Briefly, PG2 0.1.2 allows you to fetch the data 7-8 times faster than Next.JDBC does. But before we proceed with other charts and numbers, let me explain how the new processing algorithm works.

When you send a query to Postgres, it responds with a series of messages. The leading message called RowDescription describes the structure of the result. When parsed, it can be presented as an array of maps; each map holds the name of the column, its type code (so called OID), the code of a table where this field comes from, and more. One should save this message somewhere as it’s used later.

[{:name "id"
  :oid 23   ;; type int4
  :format 0 ;; text format
  ...}
 {:name "email"
  :oid 25   ;; type text
  :format 0 ;; text format
  ...}
 ]

Then, Postgres sends you a series of DataRow messages. Each DataRow message is a long array of bytes which holds concatenated values. Before each value, there are four bytes (int32) representing the lengths of the subsequent chunk of bytes to parse:

[<N of cols><len1><value1><len2><value2>, ...]

(By the way, if <lenX> is -1 than the value is NULL, and there is no bytes for <valueX>.)

The question is, how to deal with all this to make your Postgres client faster. Obviously you can parse DataRow messages into maps one by one as you’re getting them from a TCP socket. This is what PG2 did before. The problem with this approach is that it slows down reading data from the network. Parsing bytes is a really CPU-heavy task. While you’re parsing a row, you’re not reading the next one.

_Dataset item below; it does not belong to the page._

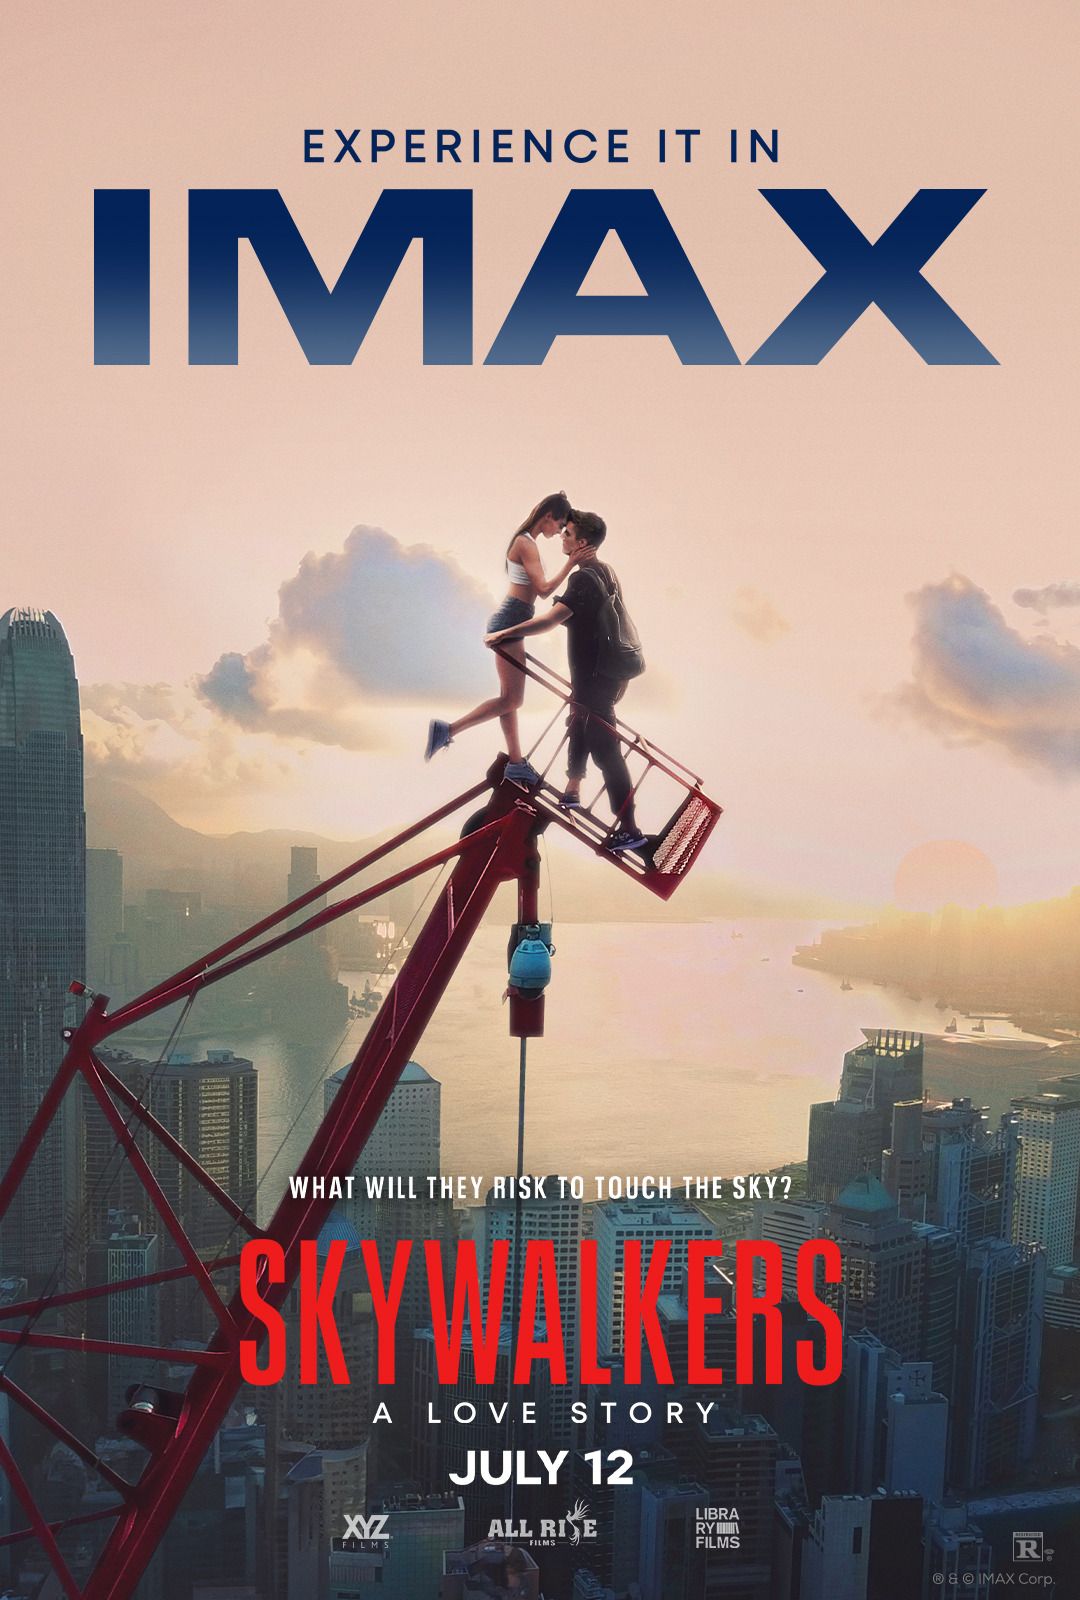 A couple poses on top of a skyscraper silhouetted at sunset on an IMAX poster.

On one hand, you fairly parse data and have a complete map at the end. On another hand, it slows down the process of consuming the response.

There is an opposite approach: you read the data as fast as you can with no (or minimum) parsing. Then, when you’ve done with reading, you parse what you got. The speed of reading the socket increases. As a result, the time window required to execute a query shrinks. The connection might serve more queries than before because now each request takes less time to be finished — in terms of the server, of course.

To process the result in Clojure, you need to parse it first. But now you have not plain maps but byte arrays with some metadata about the structure of the result. To prevent users from manual parsing, each row pretends to be a Clojure map that, when certain methods are triggered, parses the underlying bytes.

This is what the recent version of PG2 does under the hood. Before, it blindly parsed all the data on the fly. It was pretty fast: 2 or 3 times faster than using Next.JDBC. But with lazy parsing described above, it’s even faster: 7 to 9 times in favour of PG2. It affects only SELECT... and ...RETURNING queries. The new algorithm has nothing in common with inserting or deleting the data.

Now, benchmarks and timings. Most of the technical details like the environment, code snippets and SQL queries were covered in the previous post. Please refer to it for details.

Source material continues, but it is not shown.